They’re perfect in every which way (that’s mortally possible). Here’s help on how to chose between these fine men!
Wolverine: A face that could launch a thousand ships (and drop a thousand panties). Eyes that glimmer, that naughty twinkle and let’s not forget that smile.
Superman: Chiselled masculine perfection that somehow seems to have a certain boyish innocence to it. Eyes one can drown in and a smile that can make a girl melt.
Verdict: Tie - They’re both the dictionary definition of the word ‘handsome’.
Wolverine: Libra – The charmer of the zodiac - beauty, grace and charm.
Superman: Taurus - Heard the phrase ‘hung like a bull’? Venus’ blessed them plenty.
Verdict: Tie - Even though I’m Capricorn, which makes me perfect for Henry; my moon sign is Aquarius with a Libra Rising – making me perfect for Hugh.

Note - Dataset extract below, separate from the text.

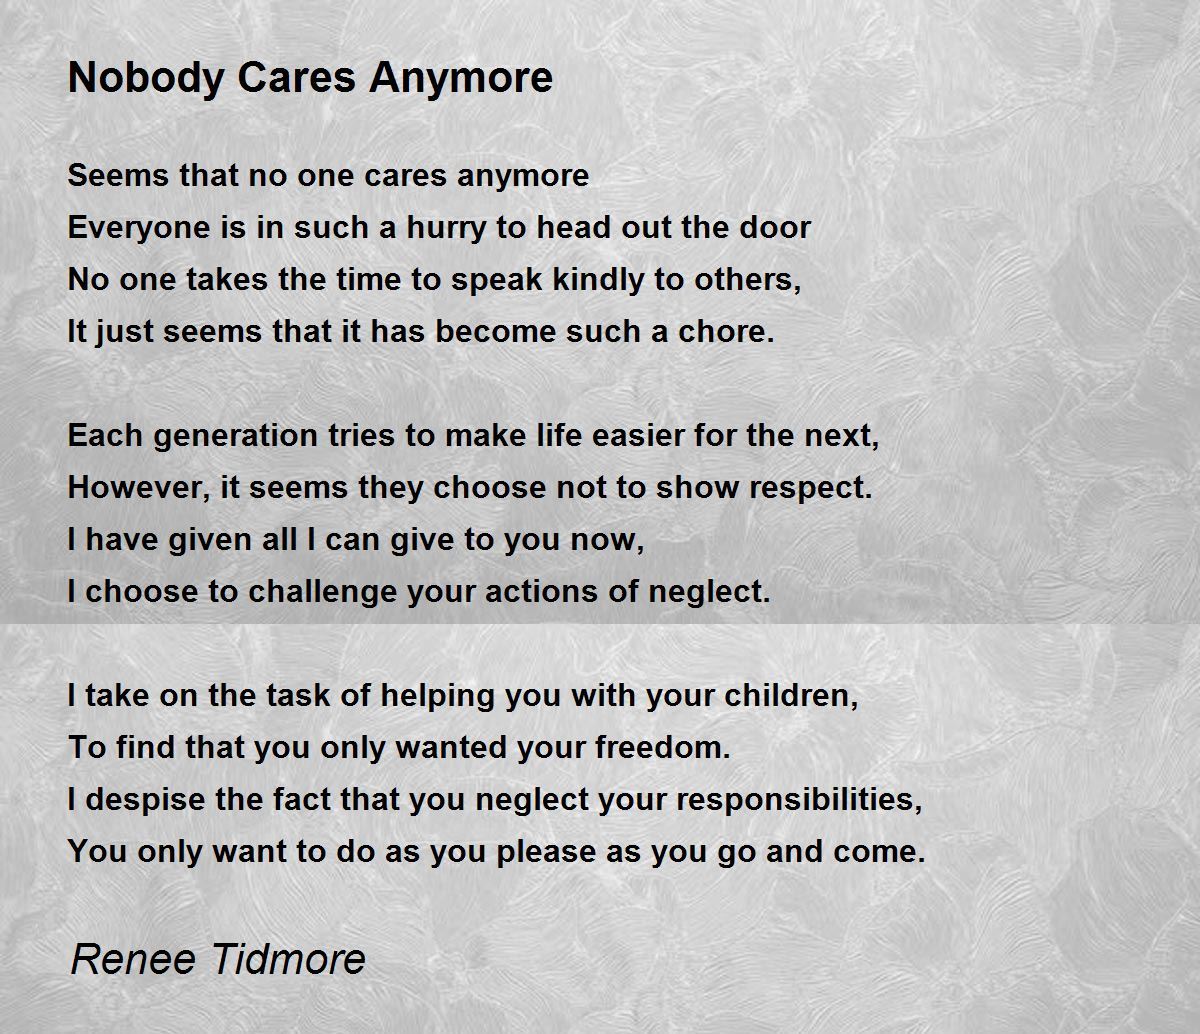 Nobody Cares Anymore - Nobody Cares Anymore Poem by Renee Tidmore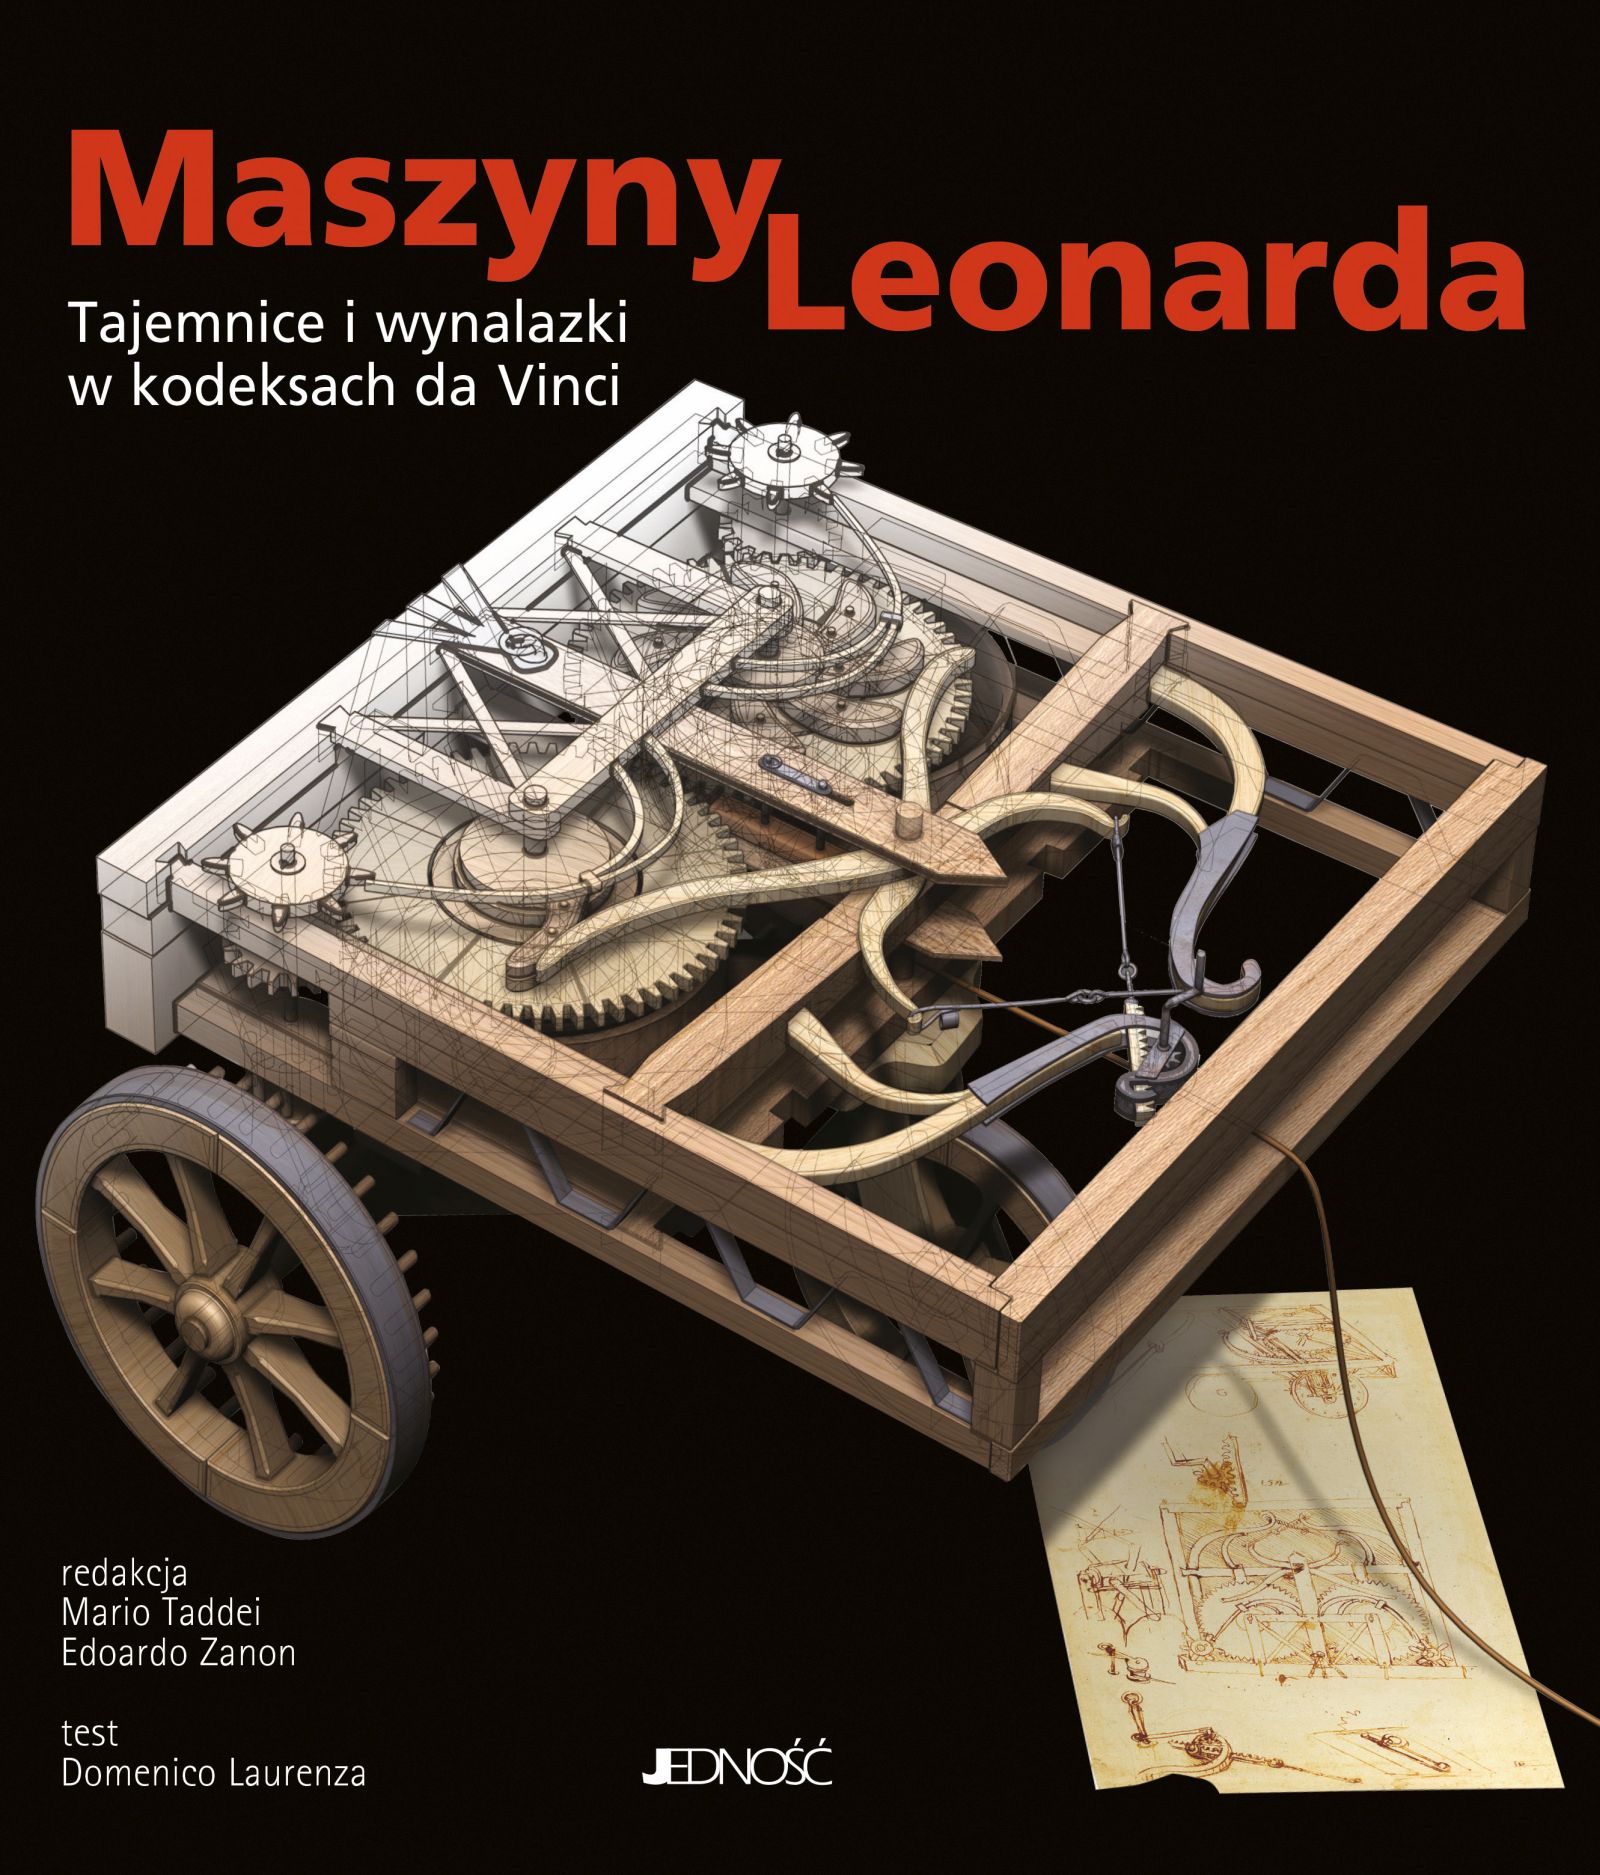 Maszyny Leonarda - wydawnictwo Jedność

Wolverine: The man has a body sculpted like a Michelangelo!
Superman: He’s always been the sexy athletic type, he’s Superman!
Verdict: Tie - They both look great in a suit and out of one
Wolverine: Versatile actor, sings and dances too.
Superman: Henry can act. And looking good is a talent.
Verdict: Hugh – Any man who can dance, sing and look good, while being a superhero, is surely my kind!
Wolverine: Hugh’s been happily married to Deborra-Lee Furness since forever.
Superman: He just split with Ellen Whitaker, and is now dating Kaley Cuoco.
Verdict: Tie – They both have terrible taste in women.
To quote Madame Cavalieri from the movie Amadeus, “Looks don’t concern me, maestro. Only talent interests a woman of taste.”